On Thu, Oct 31, 2024 at 06:26:57AM +0000, Derrick Stolee via GitGitGadget wrote:

Introduction and relation to prior series
=========================================

This is a new series that rerolls the initial "path-walk API" patches of my
RFC [1] "Path-walk API and applications". This new API (in path-walk.c and
path-walk.h) presents a new way to walk objects such that trees and blobs
are walked in batches according to their path.

This also replaces the previous version of ds/path-walk that was being
reviewed in [2]. The consensus was that the series was too long/dense and
could use some reduction in size. This series takes the first few patches,
but also makes some updates (which will be described later).

[1]
https://lore.kernel.org/git/pull.1786.git.1725935335.gitgitgadget@xxxxxxxxx/
[RFC] Path-walk API and applications

[2]
https://lore.kernel.org/git/pull.1813.v2.git.1729431810.gitgitgadget@xxxxxxxxx/
[PATCH v2 00/17] pack-objects: add --path-walk option for better deltas

I apologize for not having a better place to start discussing a topic
which pertains to more than just this immediate patch series, but I
figure here is as good a place as any to do so.

 From our earlier discussion, it seems to stand that the path-walk API
is fundamentally incompatible with reachability bitmaps and
delta-islands, making the series a non-starter in environments that
rely significantly one or both of those features.

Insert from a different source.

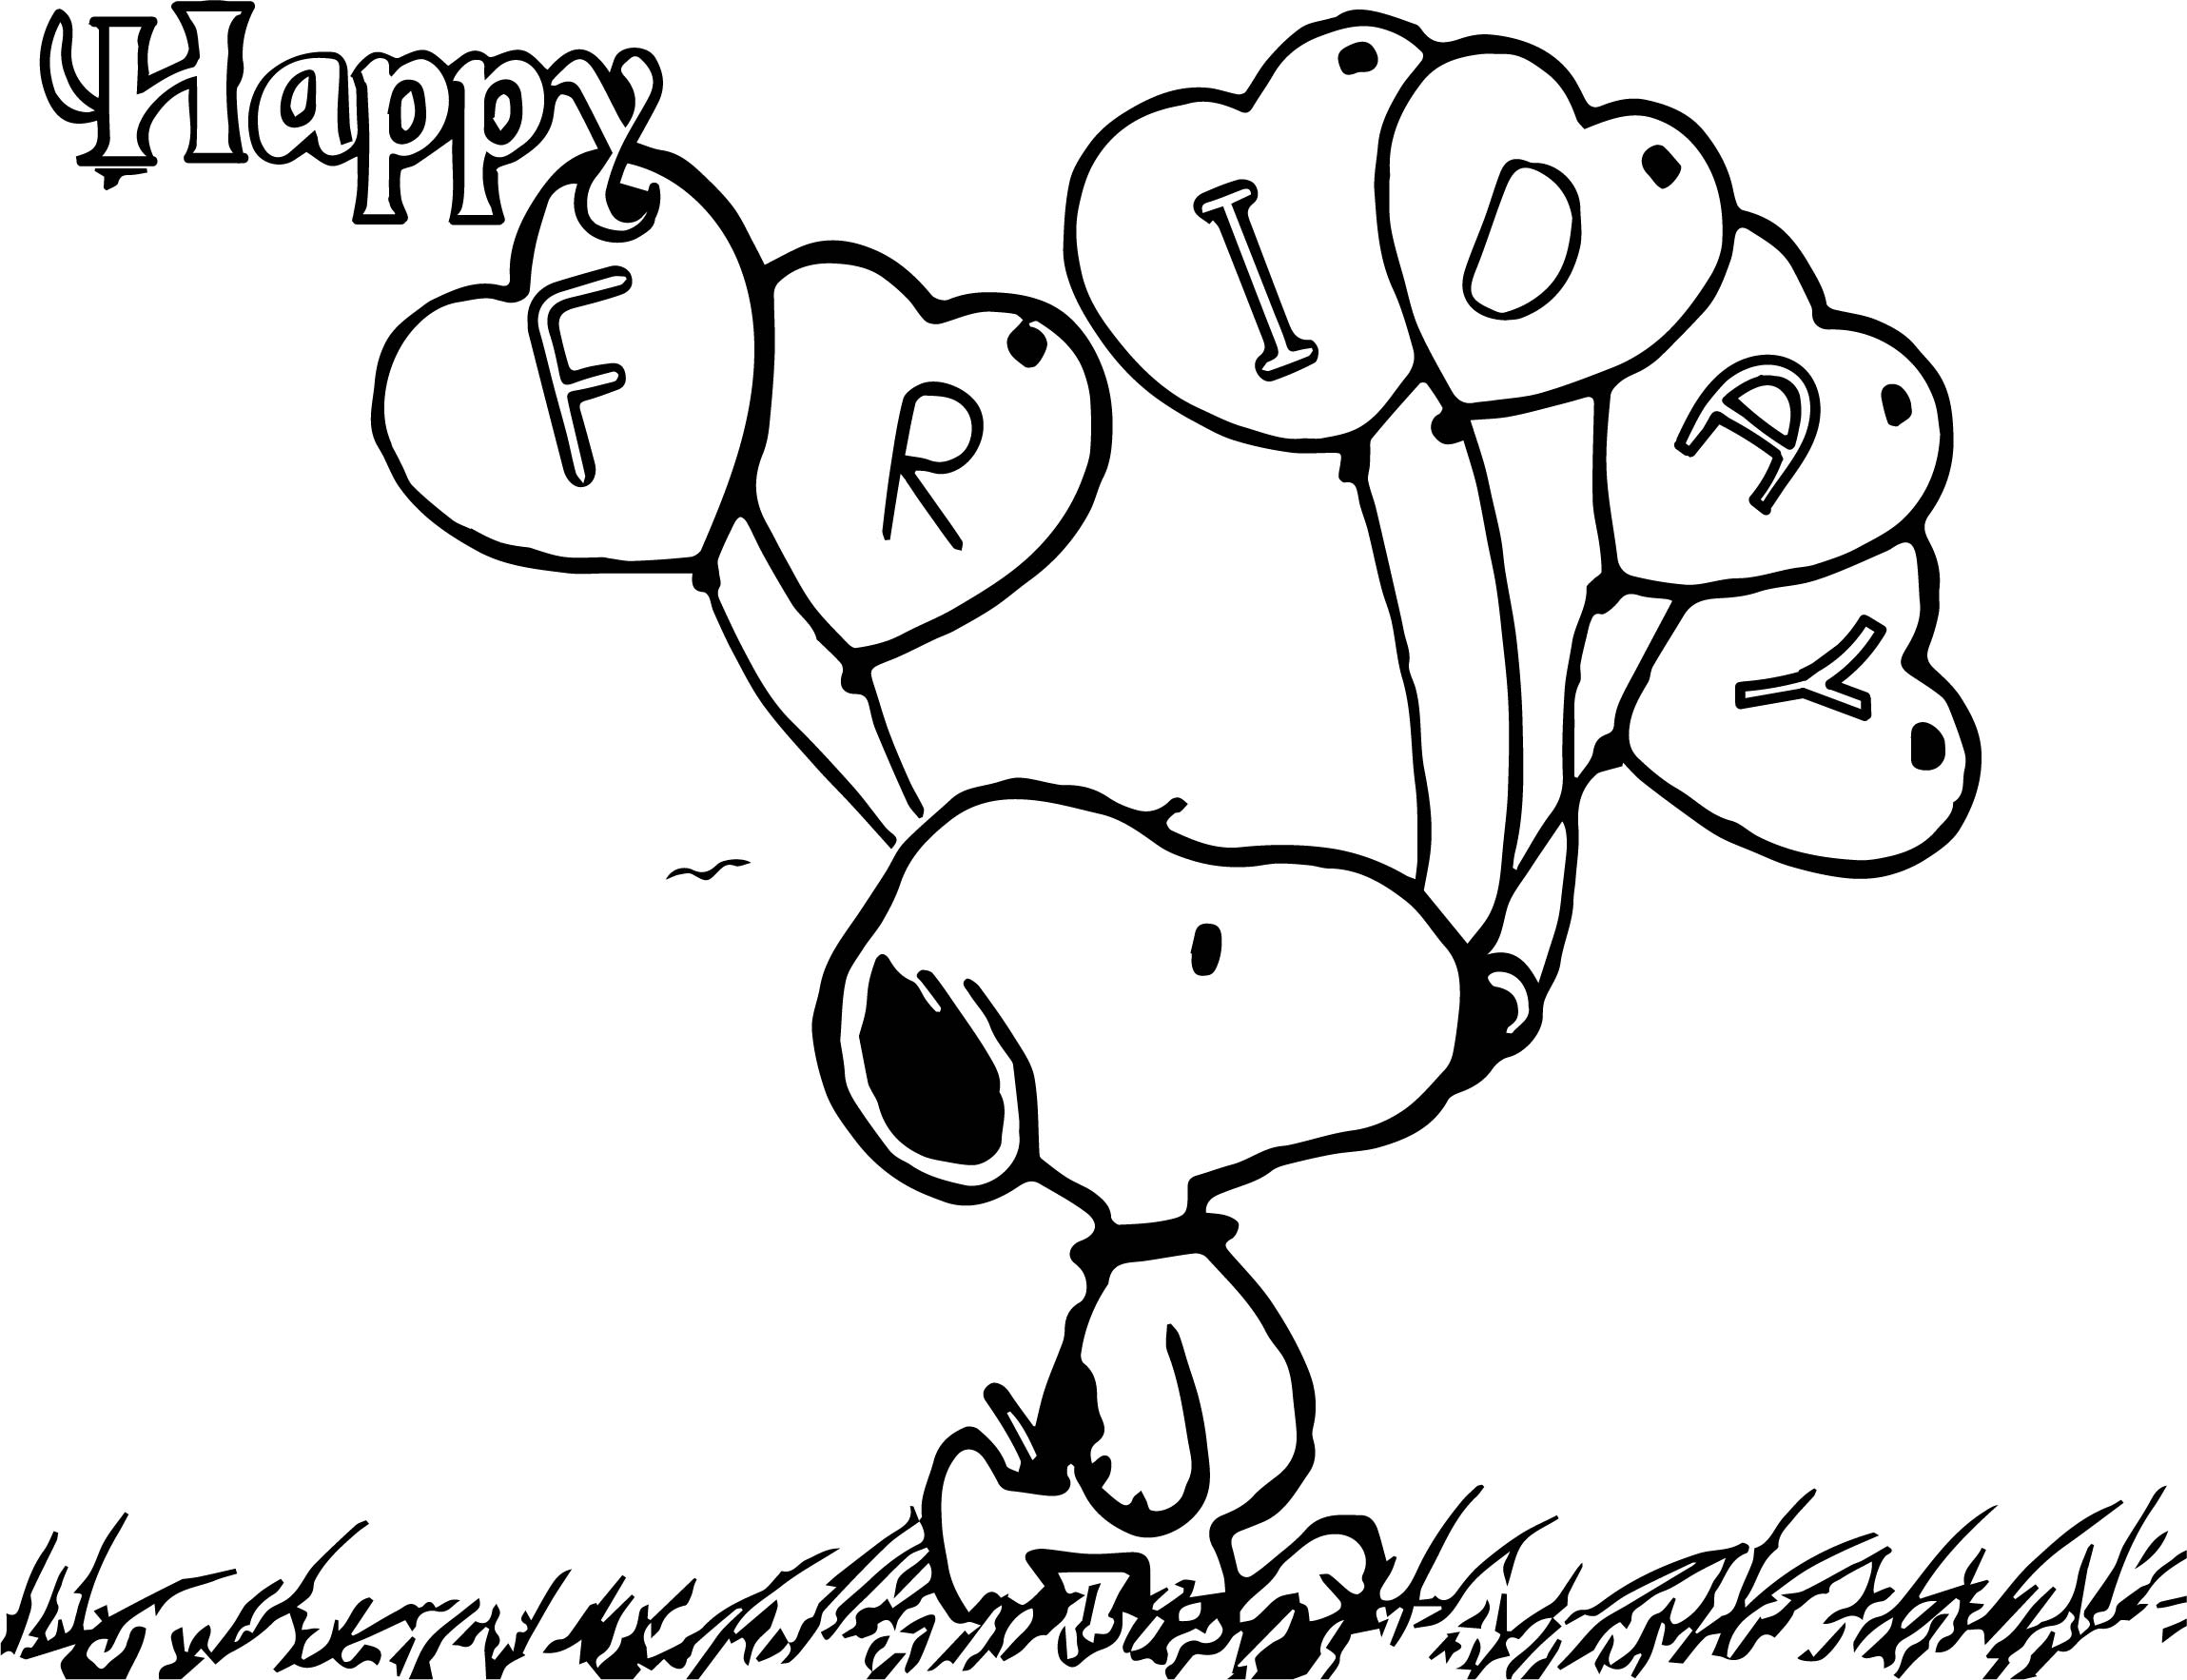 Snoopy And Woodstock Coloring Pages 25 Snoopy Coloring Pages Collections Free Coloring Pages Part 3

My understanding as a
result is that the path-walk API and feature are more targeted towards
improving client-side repacks and push performance, where neither of the
aforementioned two features are used quite as commonly.

This is correct. I would go even farther to say that this approach was
designed first and foremost for Git clients and specifically their
performance while computing a thin packfile during "git push". The same
logic to help the push case happens to also help the "git repack" case
significantly.

I was discussing this a bit off-list with Peff (who I hope will join the
thread and share his own thoughts), but I wonder if it was a mistake to
discard your '--full-name-hash' idea (or something similar, which I'll
discuss in a bit below) from earlier.

I'd be happy to resurrect that series, adding in the learnings from
working on the path-walk feature. It helps that the current series adds
the path-walk API and has no conflicting changes in the pack-objects or
repack builtins. (I can handle those conflicts as things merge down.)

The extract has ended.